With respect to the second point, the Brexit campaign had emphasised both opting out from common standards and the legal framework defining the single market (“Brussels rule”), and opting out from free movement of labour. Zettelmeyer took the view that the EU might offer the UK some version of the latter but not the former, as common standards were more critical to economic integration than limits to migration, and some form of migration control seemed to be non-negotiable from a UK perspective.
With respect to the third point – how to create a trade-off – there were presently two views on the continent. The hawks were arguing that the trade-off involved loss of single market access proportional to the restrictions desired by the UK on free movement of labour. This loss might occur particularly with respect to financial services. In contrast, the doves were prepared to be more generous on maintaining full single market access, even with restrictions on free movement of labour, and would instead establish the trade-off via limited participation in the EU decision making process. In return for access to the common market, the UK would need to accept state aid rules, competition decisions, and most EU standards. As argued in a recent paper by the think tank Bruegel, it might be offered an informal, political voice in the EU decision making process – but without a veto right and without participation in the legal decision making structure.
The hawkish view was currently more prevalent among governments and EU institutions than the dovish view. The dovish vision offered a bigger chance to maintain economic integration, and was also attractive as a possible template for integration with countries to whom the EU may not want to offer full membership, such as Turkey and Ukraine. The critical question, however, was whether the trade-off embedded in the dovish view was strong enough to deter copycats and domestic populists. Would they want the same deal? Furthermore, while entirely unfettered movement of labour may not be essential for the single market, it was essential for the operation of a currency union. The dovish view may be dangerous if it was seen to effectively endorse the view that restricting the movement of labour is OK, and this leads to barriers to labour mobility even within the currency union. So a sharp distinction between the rules in the Euro area and outside might have to be drawn to avoid a slippery slope. This would not be easy, because the current trend was already toward reducing out-of-work welfare benefits that may facilitate mobility of workers, even within the Euro area.

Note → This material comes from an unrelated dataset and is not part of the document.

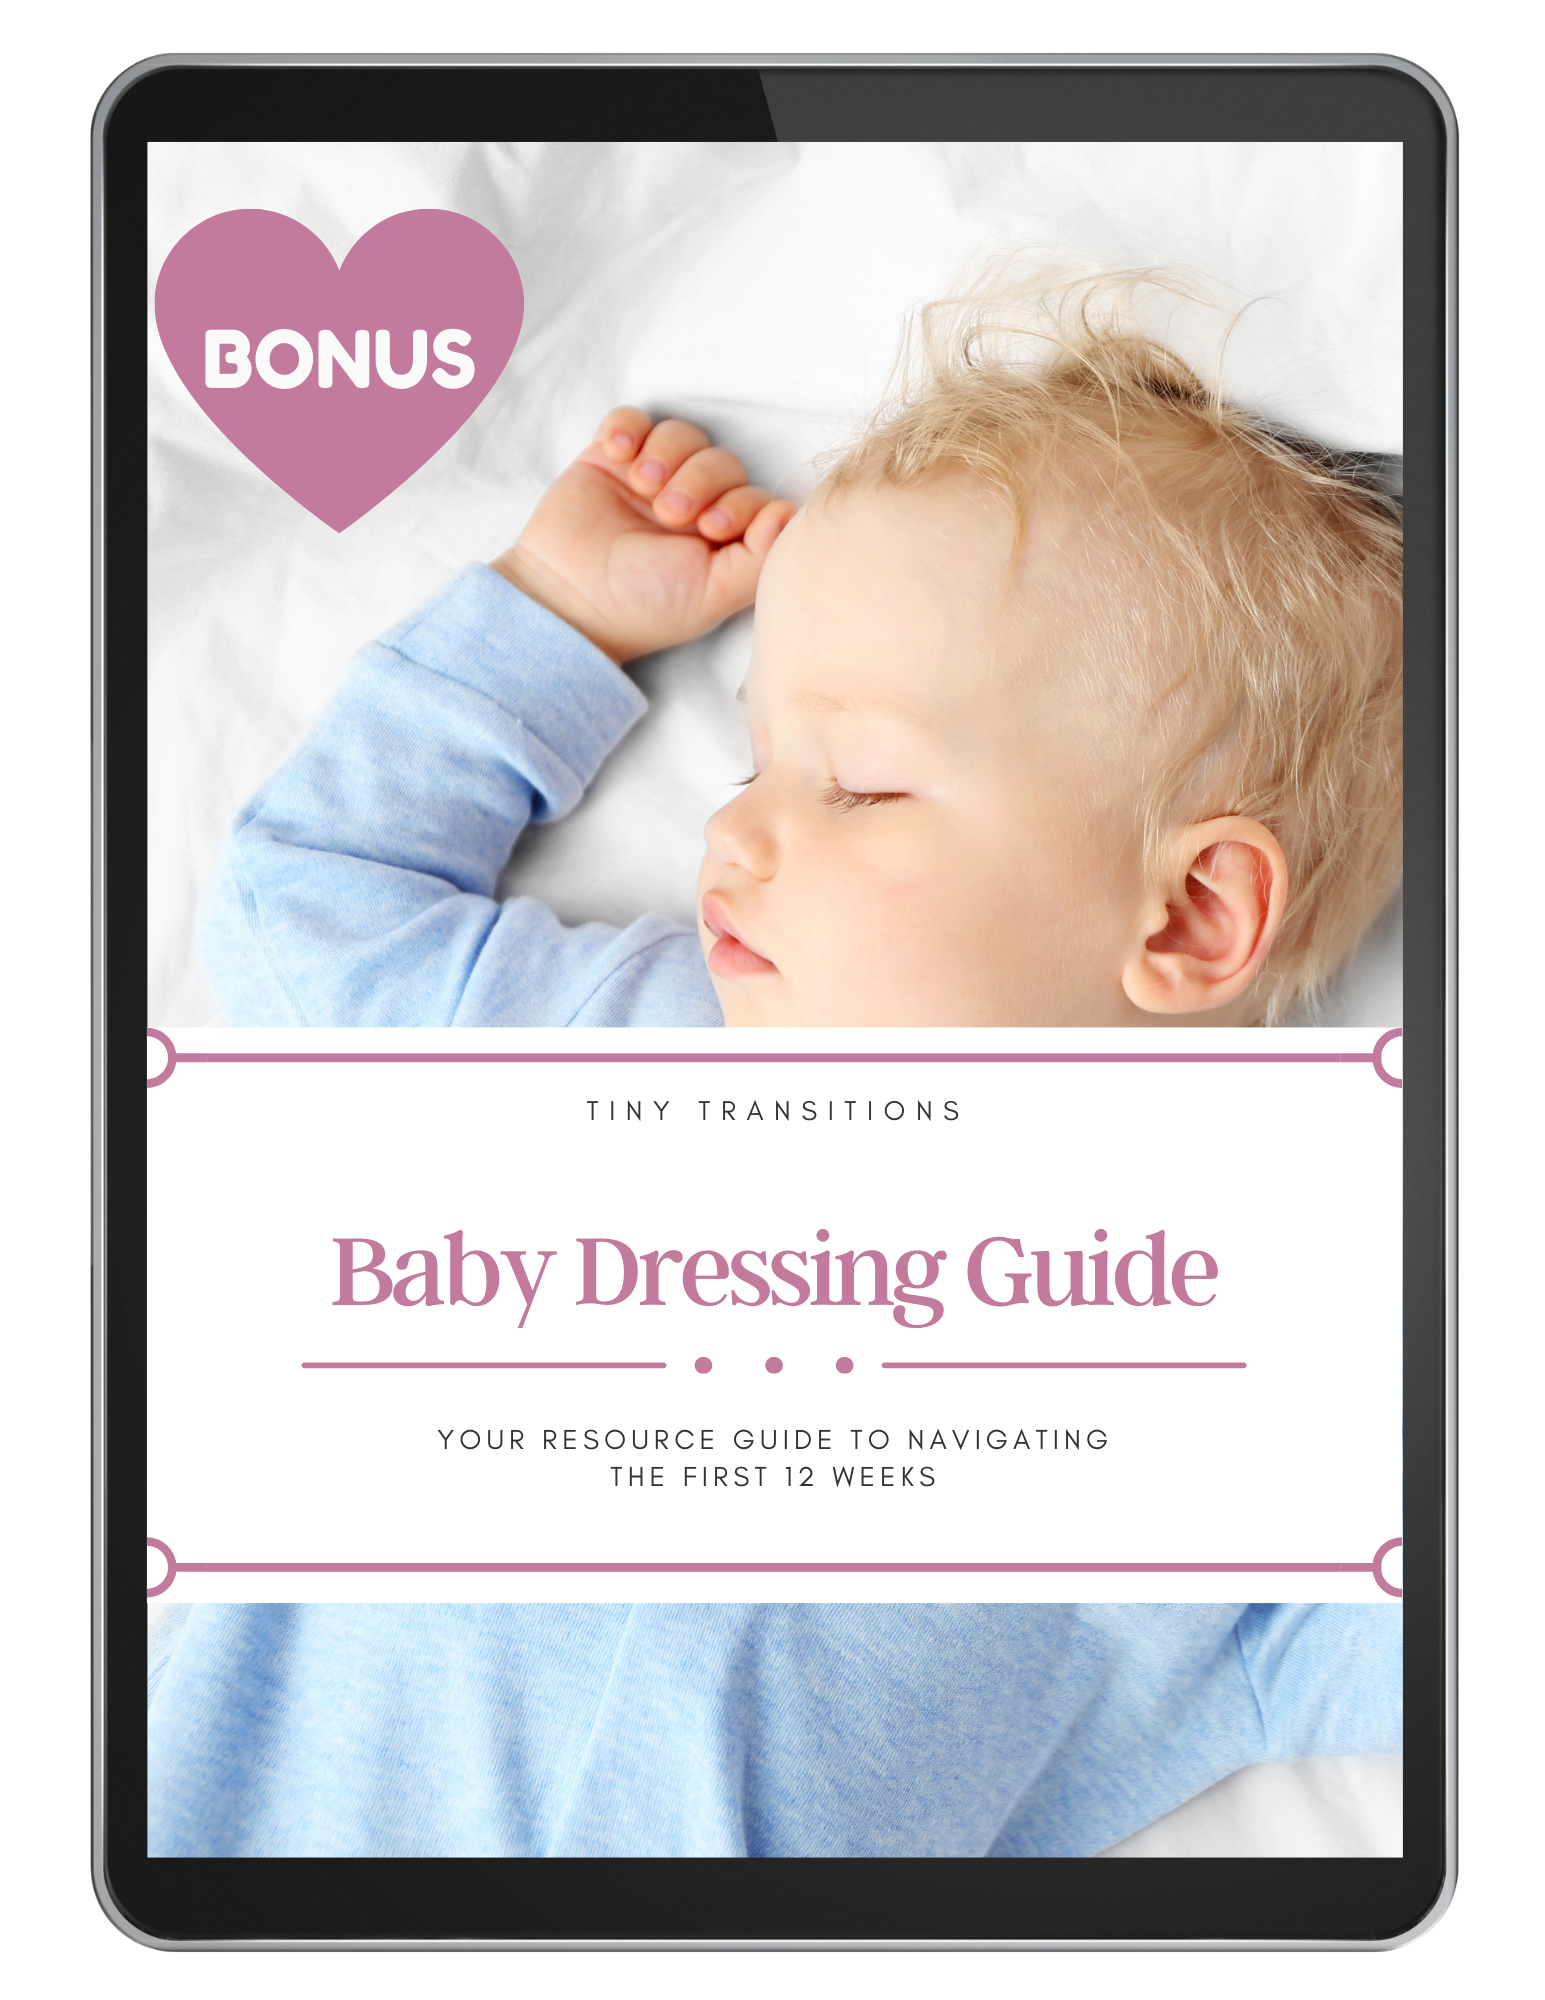 Baby Dressing Guide

Cutting migration is a domestic priority for the UK
It was noted that the migration discussion seems to have two dimensions:
- the significant numbers of Eastern European workers in the UK and other Western European member states;
- social tourism to exploit benefit system.
In Germany there is support from across the political spectrum to tackle the issue of exploitation of the benefit system. Restricting access to benefits could be a way to deal with populism. It is important that the two issues are being kept separate though as they could otherwise lead to a negative attitude towards hardworking Eastern Europeans.
With regard to migration, the EU27 might offer the UK some sort of emergency brake on immigration. Having a system whereby only those with a job offer are allowed to come to the UK is unlikely to be acceptable for the EU27. The UK could also consider issuing a certain maximum number of national insurance numbers each year. A reduction in immigration could however happen in any event given a number of expected developments are the coming period:
- the drop in the value of sterling means that for migrants sending money back home, moving to the UK has become less lucrative;
- there has been a rise in xenophobia in the UK deterring new people from coming;
- Brexit is likely to lead to a reduction in economic activity which will mean that fewer people will be attracted to move to the UK as there will be fewer jobs available.
This expected reduction in immigration could actually help with getting an agreement between the UK and the EU as immigration could become a less contentious issue. Any deal on immigration will however be difficult to get through the Cabinet given the diverging views on the importance of immigration for the economy vs addressing the concerns expressed by voters during the referendum. A reduction in migration might not only take place in industries aimed at by the Leave camp, but the outcome of the referendum could also affect the number of overseas students coming to the UK because of the Eurosceptic sentiments and reducing economic activity, compounding the negative impact on EU research funding for UK universities.
First an EEA-type arrangement – but what next?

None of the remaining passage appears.